The systemic risk is not any individual failure but the possibility of multiple failures coinciding or cascading. An infrastructure failure during an economic downturn during a security crisis during regulatory uncertainty creates compounding effects worse than the sum of individual problems. The probability of such coincidence is difficult to estimate but nonzero and arguably increasing as systems become more complex and more interdependent.
The sensible response is not abandoning technology, which is impractical, but managing risks through diversification, redundancy, financial conservatism, and skepticism about claims that current arrangements are more robust than historical patterns suggest. This approach lacks the optimism that makes for compelling business plans but has the considerable advantage of occasionally being correct about the messiness of reality compared to the tidiness of projections.
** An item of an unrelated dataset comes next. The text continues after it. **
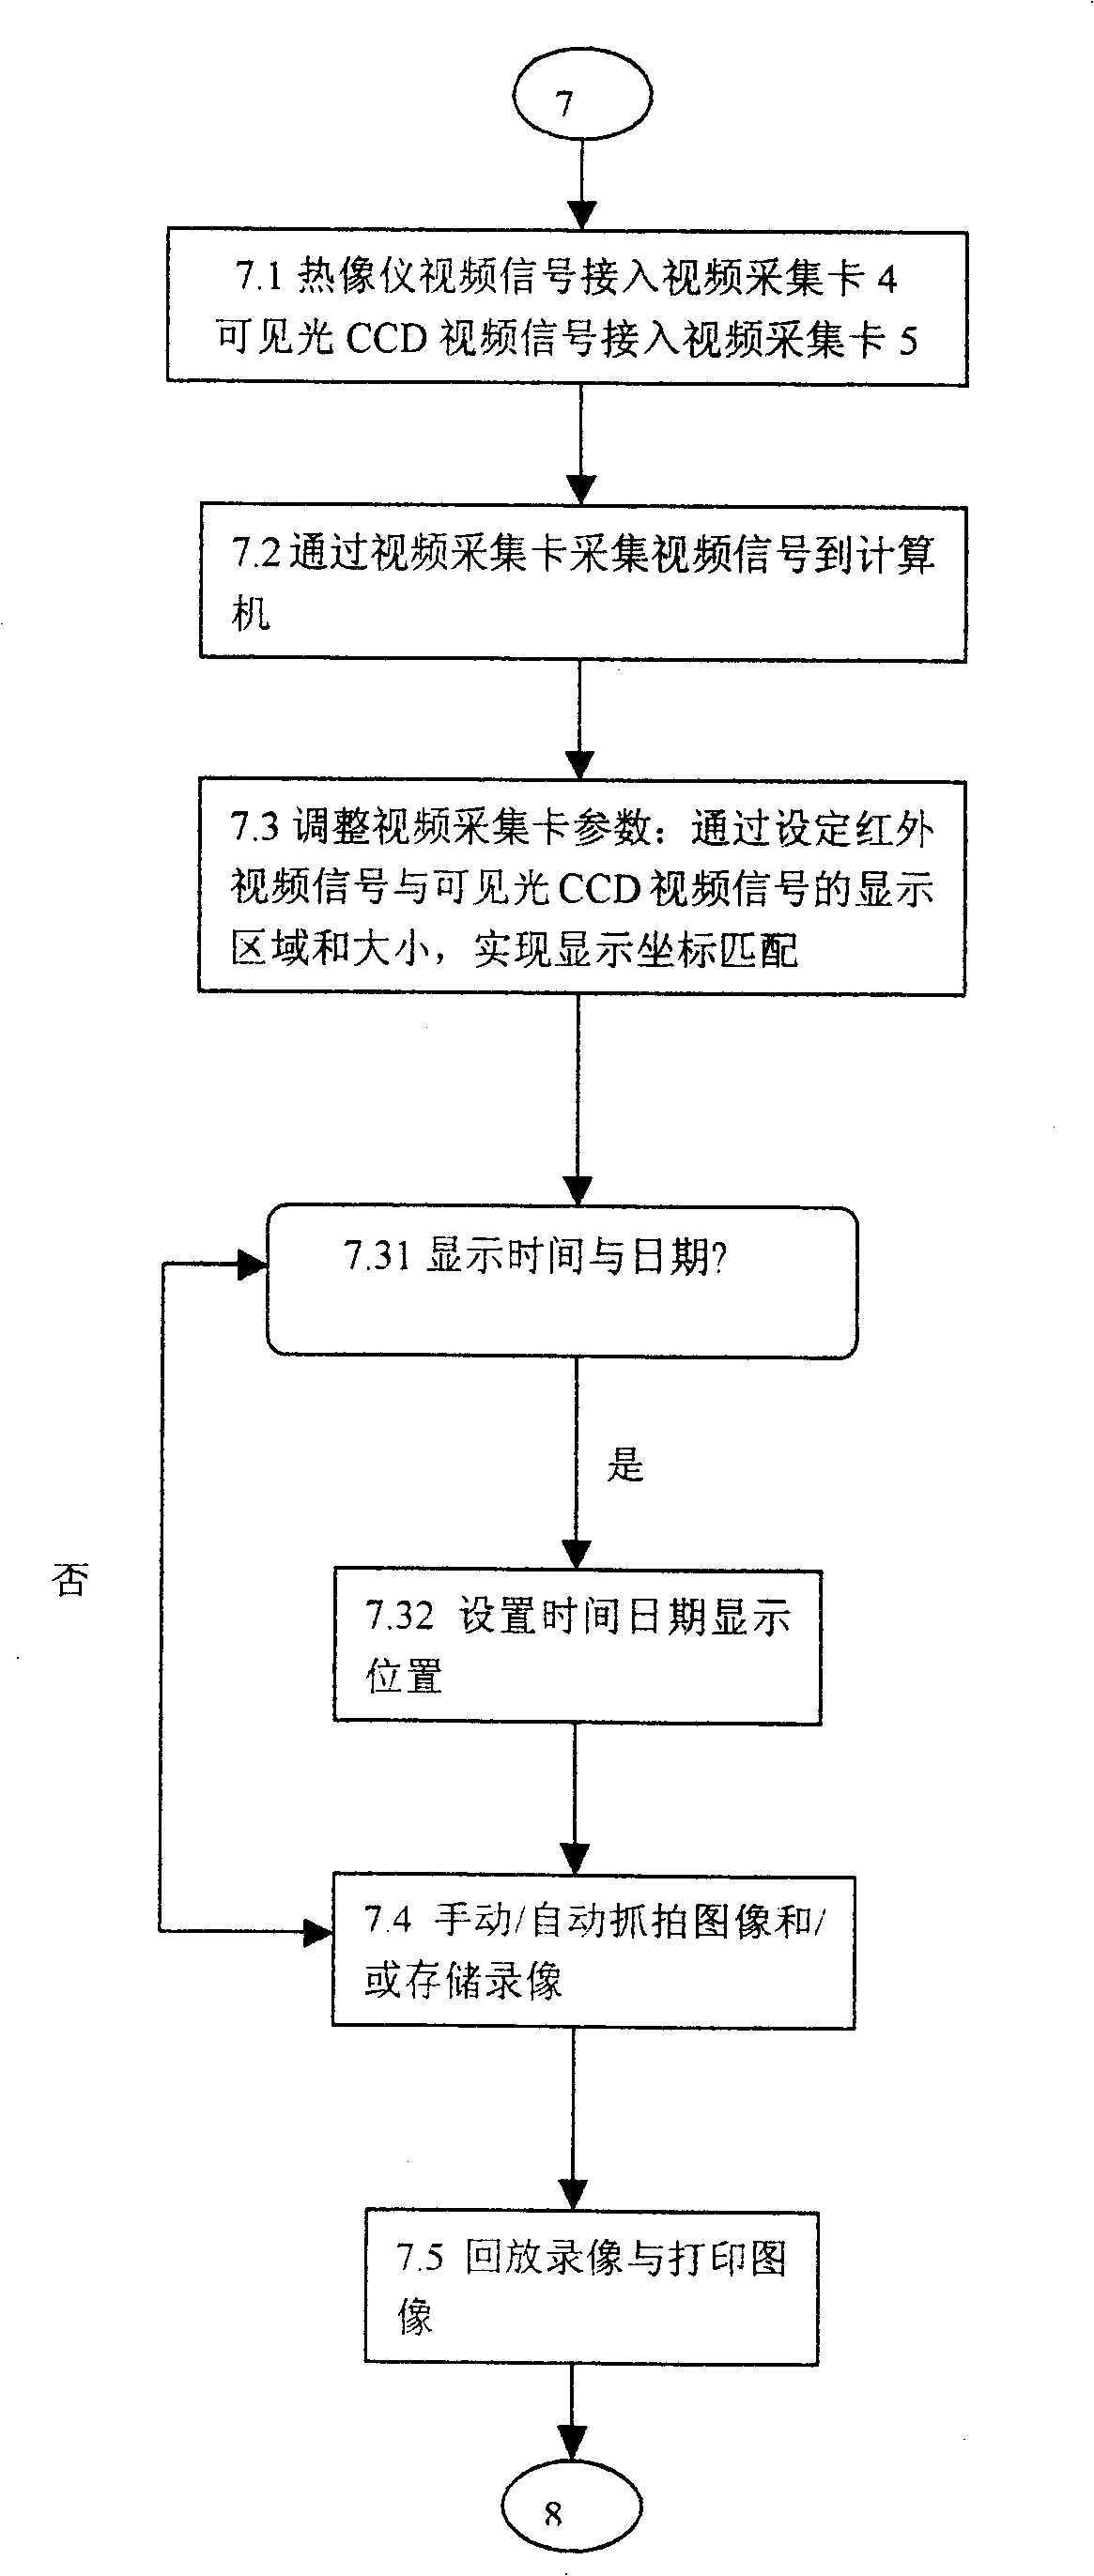 Real time display control device for composite video of infrared thermal imaging image and visible light image

The Patrician has observed that most catastrophes are predictable in retrospect and that the consistent pattern is that the warnings were available but ignored because taking them seriously would have been inconvenient, expensive, or politically difficult. The boring failure modes discussed here are similarly being ignored in favor of assuming current trajectories continue smoothly or in favor of worrying about dramatic scenarios that are less probable but more interesting.
When the failures occur, and they will because they always do, the response will be surprise despite the predictability, emergency measures that should have been routine preparation, and eventual return to optimistic assumptions once the immediate crisis passes. This is how complex systems managed by humans typically evolve, through cycles of enthusiasm, crisis, response, and renewed enthusiasm rather than through steady prudent management that prevents crises before they occur.
The technology industry is currently in an enthusiastic phase with optimistic projections and minimal attention to failure modes. The boring failures will arrive in their own time, probably sooner than the dramatic failures everyone discusses but later than skeptics predict. The industry will survive these failures because industries typically do, but individual companies, investors, and users will experience disruptions that could have been mitigated through preparation that seemed unnecessary until it became urgently needed. This is the normal course of events and should surprise nobody who has paid attention to how technology cycles typically proceed, though it will nonetheless surprise nearly everyone when it arrives.